Setting up the infrastructure locally manually is tedious so I highly recommend going the docker-compose route at https://codeberg.org/gmhafiz/observability. And if you do, at least read the #instrument section to familiarise yourself on how to instrument OpenTelemetry to a Laravel application.
The five main infrastructure we are going to bring up are:
- Loki for logs and Promtail for log pushing
- Jaeger for tracing
- Prometheus for metrics
- otel-collector to receive signals from application to backend
- Grafana for visualisation
Brave souls may continue to the next section.
Loki Logs
To push Laravel logs to a log aggregator like Loki, we include promtail in the root directory and have it run in the background. We only require one promtail binary and one configuration file for this.
Install both loki and promtail using your preferred method https://grafana.com/docs/loki/latest/setup/install/.
wget https://github.com/grafana/loki/releases/download/v3.2.1/loki-linux-amd64.zip
unzip loki-linux-amd64.zip
Create a loki config file loki-config.yaml
and paste the following content.
# loki-config.yaml
auth_enabled: false
server:
http_listen_port: 3100
grpc_listen_port: 9096
limits_config:
allow_structured_metadata: true
common:
path_prefix: /tmp/loki
storage:
filesystem:
chunks_directory: /tmp/loki/chunks
rules_directory: /tmp/loki/rules
replication_factor: 1
ring:
instance_addr: 127.0.0.1
kvstore:
store: inmemory
schema_config:
configs:
- from: 2024-06-01
store: tsdb
object_store: filesystem
schema: v13
index:
prefix: index_
period: 24h
ruler:
alertmanager_url: http://localhost:9093
# By default, Loki will send anonymous, but uniquely-identifiable usage and configuration
# analytics to Grafana Labs. These statistics are sent to https://stats.grafana.org/
#
# Statistics help us better understand how Loki is used, and they show us performance
# levels for most users. This helps us prioritize features and documentation.
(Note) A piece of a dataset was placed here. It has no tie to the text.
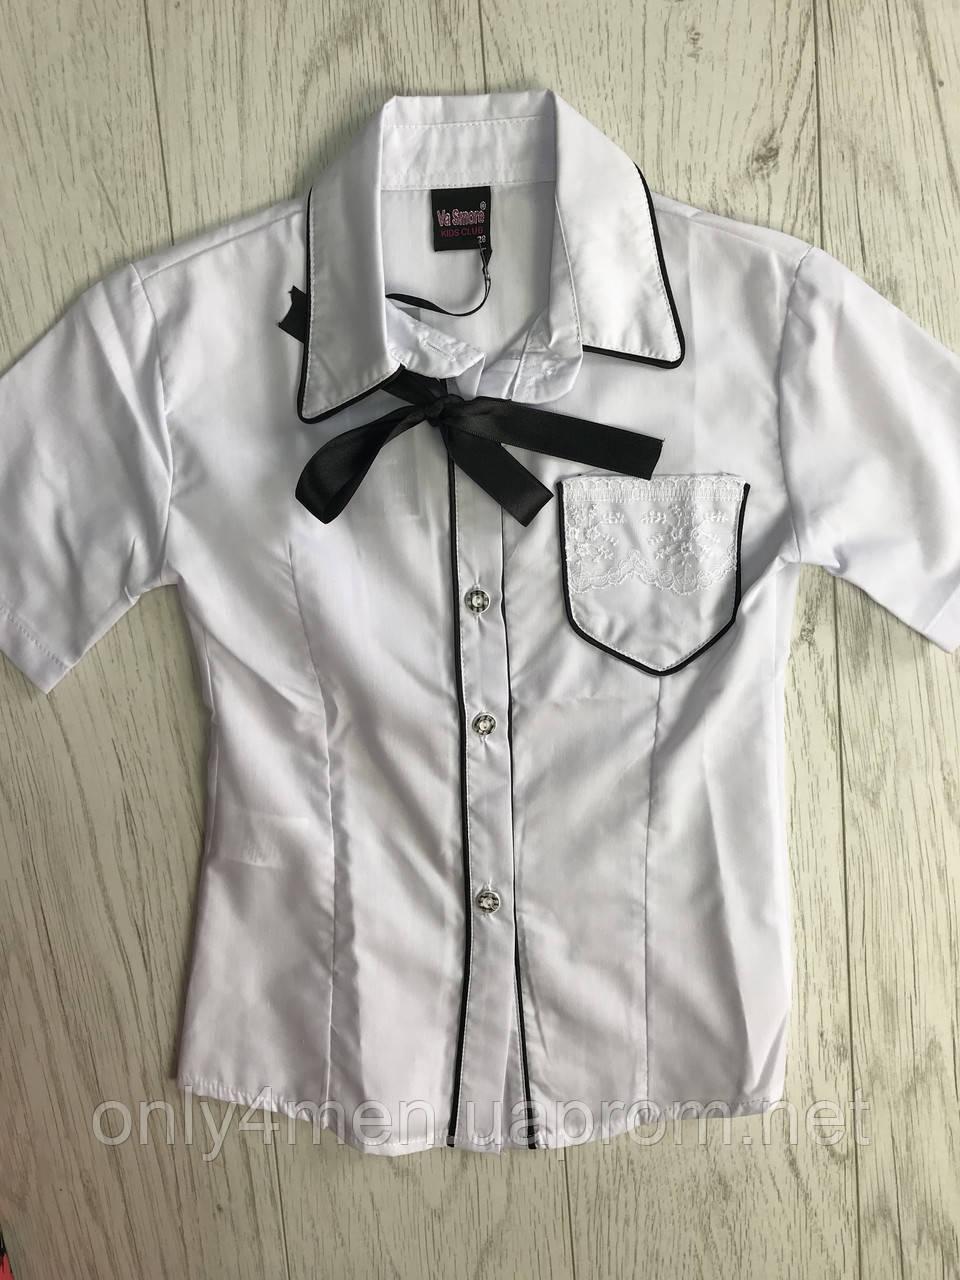 Блузка для девочки 122-146 - Детская одежда оптом и в розницу. Школьная форма в Хмельницком

# For more information on what's sent, look at
# https://github.com/grafana/loki/blob/main/pkg/usagestats/stats.go
# Refer to the buildReport method to see what goes into a report.
#
# If you would like to disable reporting, uncomment the following lines:
#analytics:
# reporting_enabled: false
Its config file in Loki version 3 requires schema version 13 using tsdb format. For demonstration and development purpose, we store the logs in local file system. But in a production setting, Loki recommends storing the logs in object storage such as AWS S3, Ceph or Minio. We expose two listening ports at 3100 and 9096 for http and grpc respectively. Lastly, if we choose to send logs to Loki through otlp, we need to allow structured metadata to be stored.
Run Loki with
./loki-linux-amd64 -config.file=loki-config.yaml
Check if your installation is successfully by querying its api and confirm if it returns a 200 OK response. It could take some time so let us proceed with promtail.
curl -v http://localhost:3100/ready
For promtail, I opt for single binary for linux:
wget https://github.com/grafana/loki/releases/download/v3.2.1/promtail-linux-amd64.zip
unzip promtail-linux-amd64.zip
In promtail, we need to tell it where your laravel logs are located, as well as where to forward them.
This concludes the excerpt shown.